Le ministre de l’Aménagement du Territoire, de l’Urbanisme et de l’Habitat, Mahamat Assileck Halata, a annoncé ce lundi 10 août 2026 la suspension, jusqu’à nouvel ordre, des nouvelles attributions de terrains relevant du domaine de l’État dans toute la capitale.
Cette mesure intervient alors que N’Djamena fait face à une multiplication des conflits fonciers, à la spéculation immobilière, à la raréfaction des réserves de l’État et à une expansion urbaine jugée insuffisamment maîtrisée.
Le gel concerne notamment les terrains à vocation commerciale, économique et industrielle, ainsi que ceux sollicités par les ONG et les organisations de la société civile. Les dossiers encore en cours, sans décision définitive d’attribution, pourront également être réexaminés.
Le gouvernement entend également revoir les demandes formulées par les administrations publiques. Désormais, les ministères, institutions, établissements publics et collectivités ne bénéficieront plus d’attributions automatiques.
Chaque demande devra faire l’objet d’une étude de faisabilité, d’une vérification de sa conformité aux documents d’urbanisme, d’une évaluation des besoins réels et d’un examen de son intérêt stratégique pour l’État.
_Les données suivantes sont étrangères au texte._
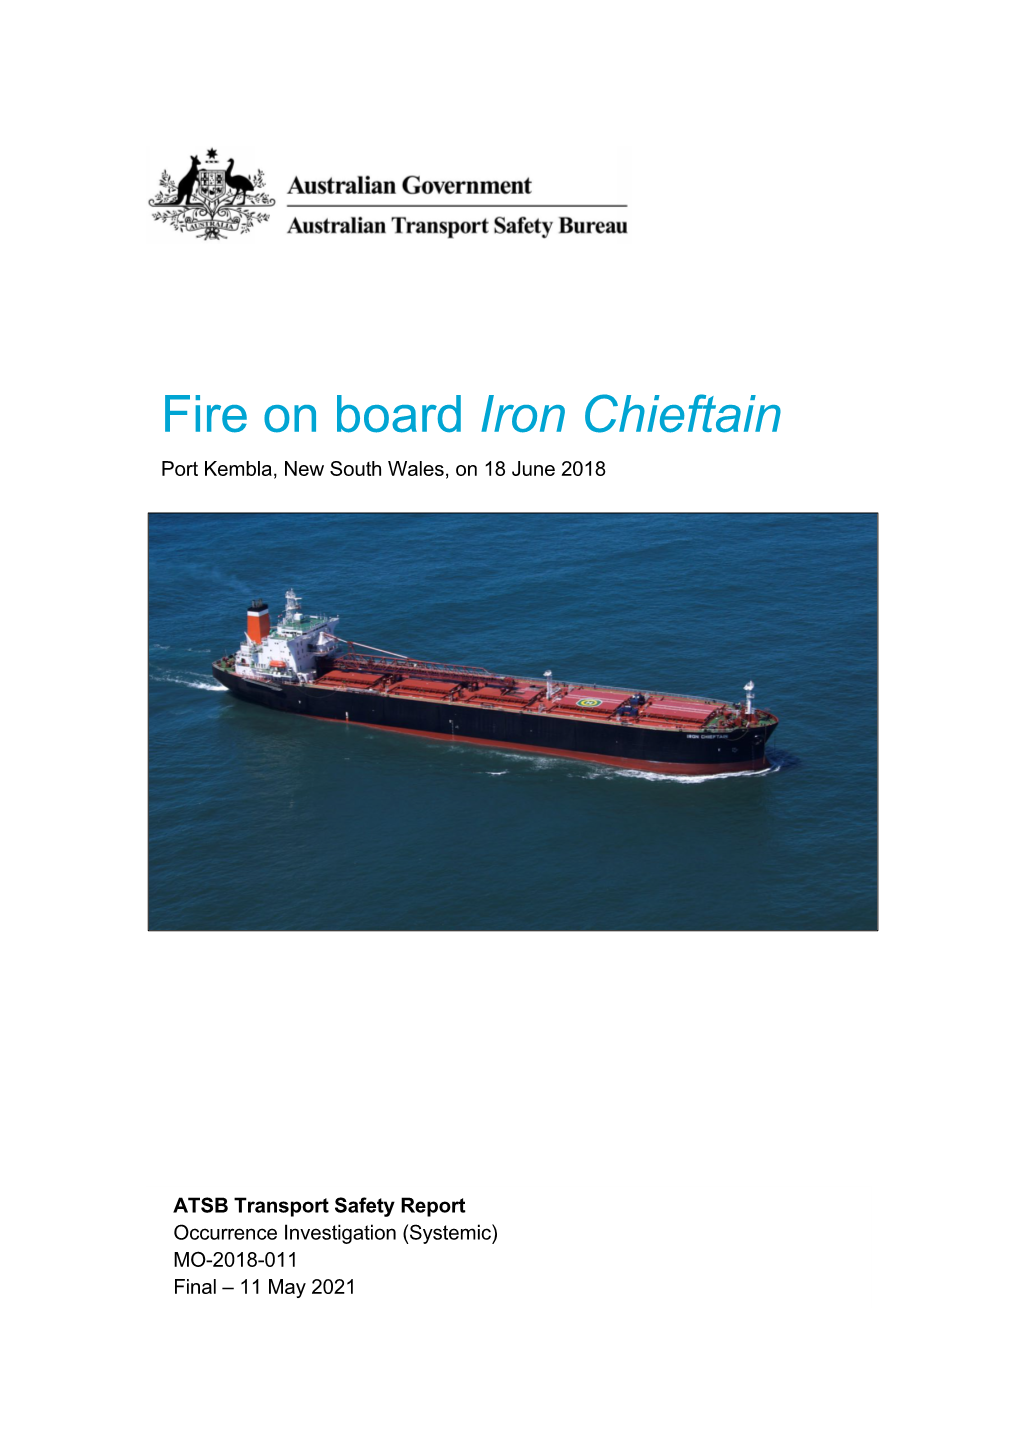 Iron Chieftain Port Kembla, New South Wales, on 18 June 2018

Pour Mahamat Assileck Halata, l’objectif est clair : préserver les réserves foncières publiques, lutter contre la spéculation et les occupations irrégulières, réduire les litiges et renforcer la transparence dans la gestion du patrimoine foncier.
Présentée comme une mesure conservatoire, cette suspension s’inscrit dans une réforme plus vaste de la gouvernance foncière. Celle-ci prévoit notamment la digitalisation du cadastre, la modernisation des procédures, la sécurisation des archives et des droits fonciers, ainsi que l’actualisation des réserves de l’État.
Le ministre a également évoqué la mise en place des chambres foncières dans les juridictions, conformément à la loi n°010 du 9 décembre 2025, afin de mieux traiter les contentieux liés à la terre.
Le gouvernement appelle enfin les administrations, opérateurs économiques, organisations de la société civile et citoyens à respecter strictement la nouvelle mesure. Sa levée interviendra, selon le ministre, lorsque les conditions d’une gestion foncière plus transparente, rigoureuse et planifiée seront réunies.
À N’Djamena, le message est désormais sans ambiguïté : le foncier public n’est plus destiné à être attribué au fil des demandes, mais doit répondre à une vision d’aménagement durable de la capitale.